Литературой, и в частности фантастикой, я интересовался с детства, хотя созревание здесь было поздним: например, будучи по тогдашнему складу всё-таки естественником, поэзии я лет до 16 совершенно не понимал. То есть вообще — не понимал, зачем она нужна. А потом, наоборот, увлёкся. В студенческие годы я читал довольно много (именно тогда, например, прочёл всех Стругацких), перечислять всё прочитанное нет смысла; но всё-таки хочу назвать одного автора, книги которого стали для меня — выразимся пафосно — открытой дверью в русскую литературу. Это Вениамин Каверин. Сейчас я имею в виду не «Два капитана» и «Открытую книгу», а прежде всего каверинские мемуарные, автобиографические и критические произведения. Они очень интересны (роман «Освещённые окна» — вообще шедевр), и именно из них я узнал о существовании многих писателей, которых потом оценил уже непосредственно. Для примера: именно Каверин познакомил меня с Юрием Тыняновым.
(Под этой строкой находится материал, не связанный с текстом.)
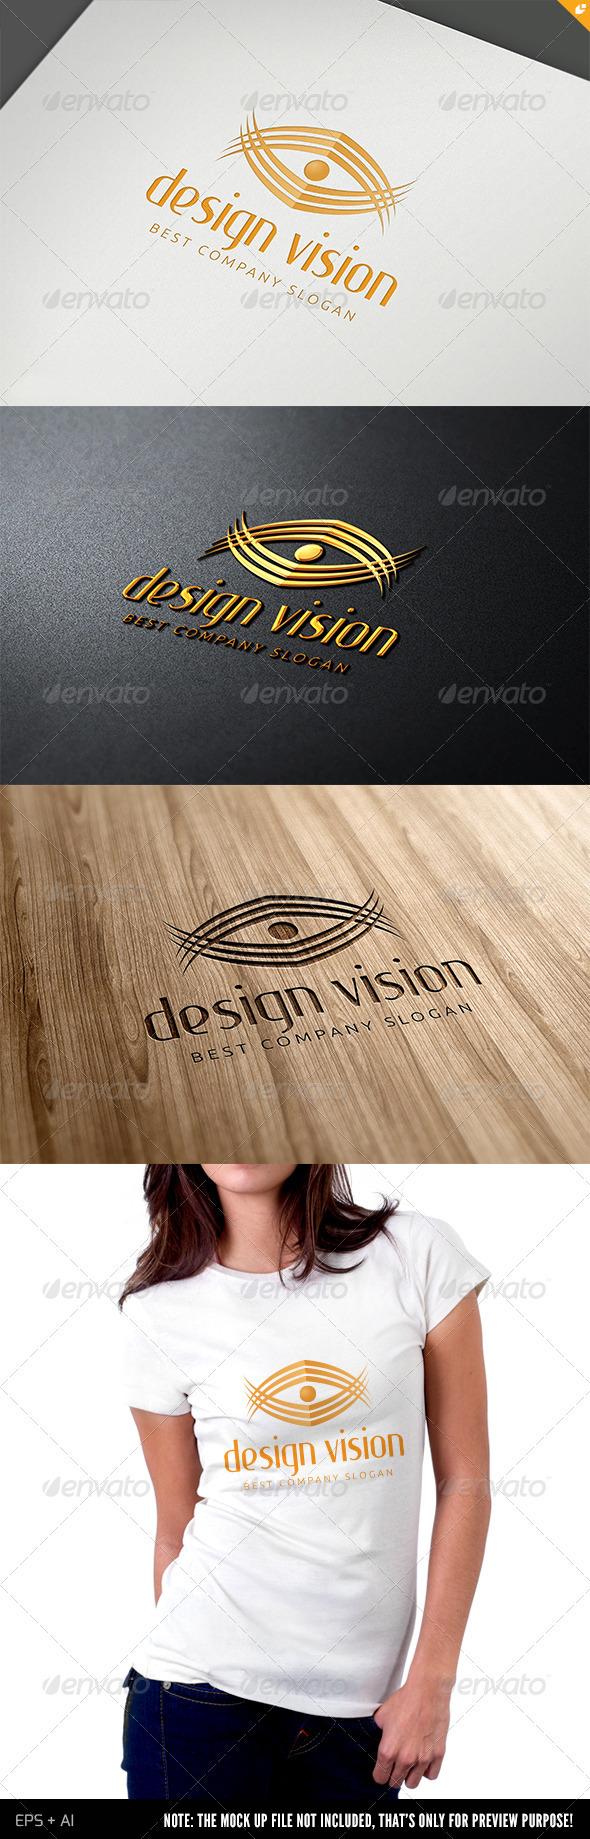 GraphicRiver Media Design Vision Logo 4000618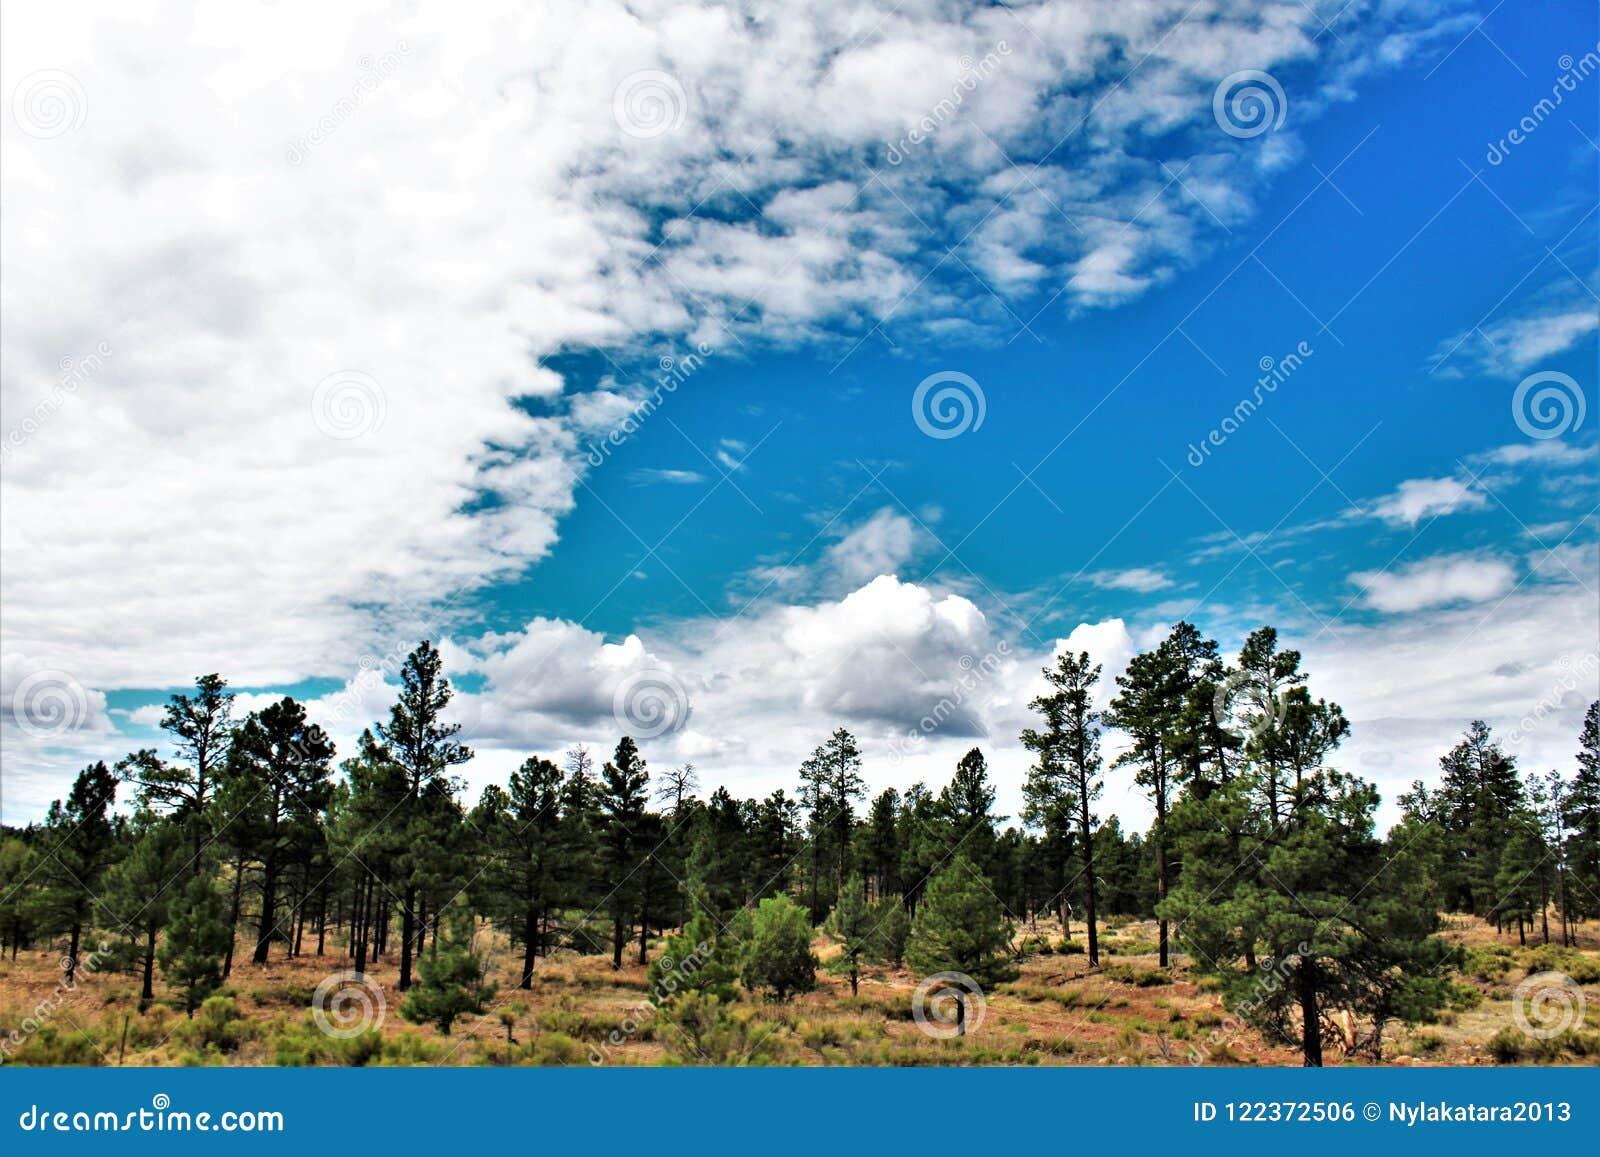 Heber Overgaard,纳瓦霍县, Sitgreaves国家森林,亚利桑那,美国

Вставлю сюда небольшое, на один абзац, литературоведческое эссе.
Характерная цепочка: Вениамин Каверин — Виктор Шкловский — Лоренс Стерн; последнего я читаю уже сейчас, две недочитанных главы осталось в «Тристраме Шенди». Вообще, раз уж я пишу о себе, а одна из самых важных для меня вещей — это литература, скажу немного о моих литературных вкусах. Кратко, как в анкете. Самый любимый поэт — Заболоцкий; ещё очень люблю Гумилева, а из XIX века — Тютчева и Баратынского. Крупнейшим поэтом русского XX века считаю О. Э. Мандельштама, и вот это последнее стало сейчас наводить на странные мысли. Ведь Пушкин и Мандельштам — оба! — в каком-то смысле положили жизнь на то, чтобы срастить русскую поэзию с культурой Западной Европы. Значительная часть их творческой энергии ушла на эту работу. Но как же тогда должна была развиваться поэзия в тех странах, где поэты были изначально свободны от такой задачи?…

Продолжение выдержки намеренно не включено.